Disallowance u/s 14A - CIT(A) deleted the addition - Held that:- Disallowance of interest expenditure of ₹ 7,57,380/- does not survive and in respect of disallowance out of administrative expenses, we feel that the disallowance was worked out by the Assessing Officer under Rule 8D to the extent of 0.5% of the average investments. As per the judgment of Hon'ble Bombay High Court rendered in the case of Godrej & Boyce Mfg. Co. Ltd. (2010 (8) TMI 77 - BOMBAY HIGH COURT), reasonable disallowance can be made before insertion of Rule 8D and in our considered opinion, disallowance of ₹ 50,000/- is reasonable in the facts of the present case. We, therefore, uphold the disallowance u/s 14A to the extent of ₹ 50,000/- and balance disallowance is deleted. - Decided partly in favour of revenue.
Non serving of notice u/s 143(2)on the assessee within the prescribed time - Held that:- We find that prior to 01/04/2008, the time available for serving notice u/s 143(2) was 12 months from the end of the month in which return is furnished.
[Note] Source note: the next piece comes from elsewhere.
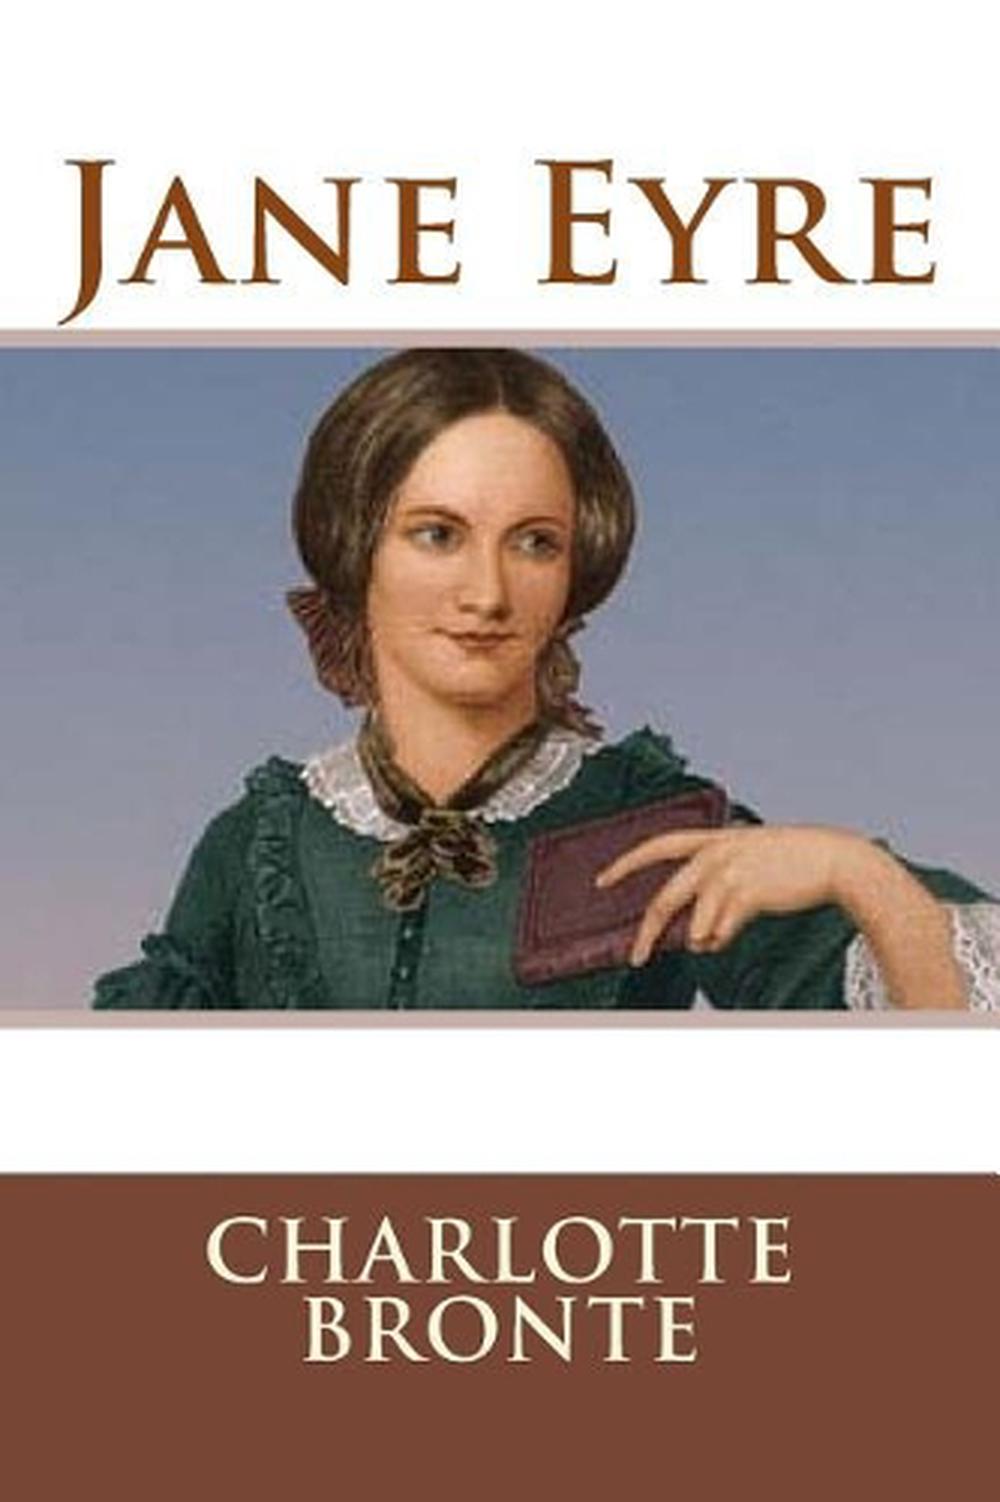 book review jane eyre

In the present case, return was filed on 31/10/2005 and therefore, time was available upto 30th September, 2006 for serving notice u/s 143(2). As per the assessment order, such notice u/s 143(2) was issued on 13/09/2006 and the same was duly served on the assessee. - Decided against assessee.
Disallowance of vehicle running expenses - Held that:- As relying on Sayaji Iron and Engg. Co. vs. CIT [2001 (7) TMI 70 - GUJARAT High Court] no disallowance is called for in the case of a company on the basis that there was personal user of vehicles. Even if there is personal use of vehicles by the Directors of the company then the value thereof can be added in the perquisites of the concerned director but no disallowance can be made in the hands of the company. - Decided in favour of assessee.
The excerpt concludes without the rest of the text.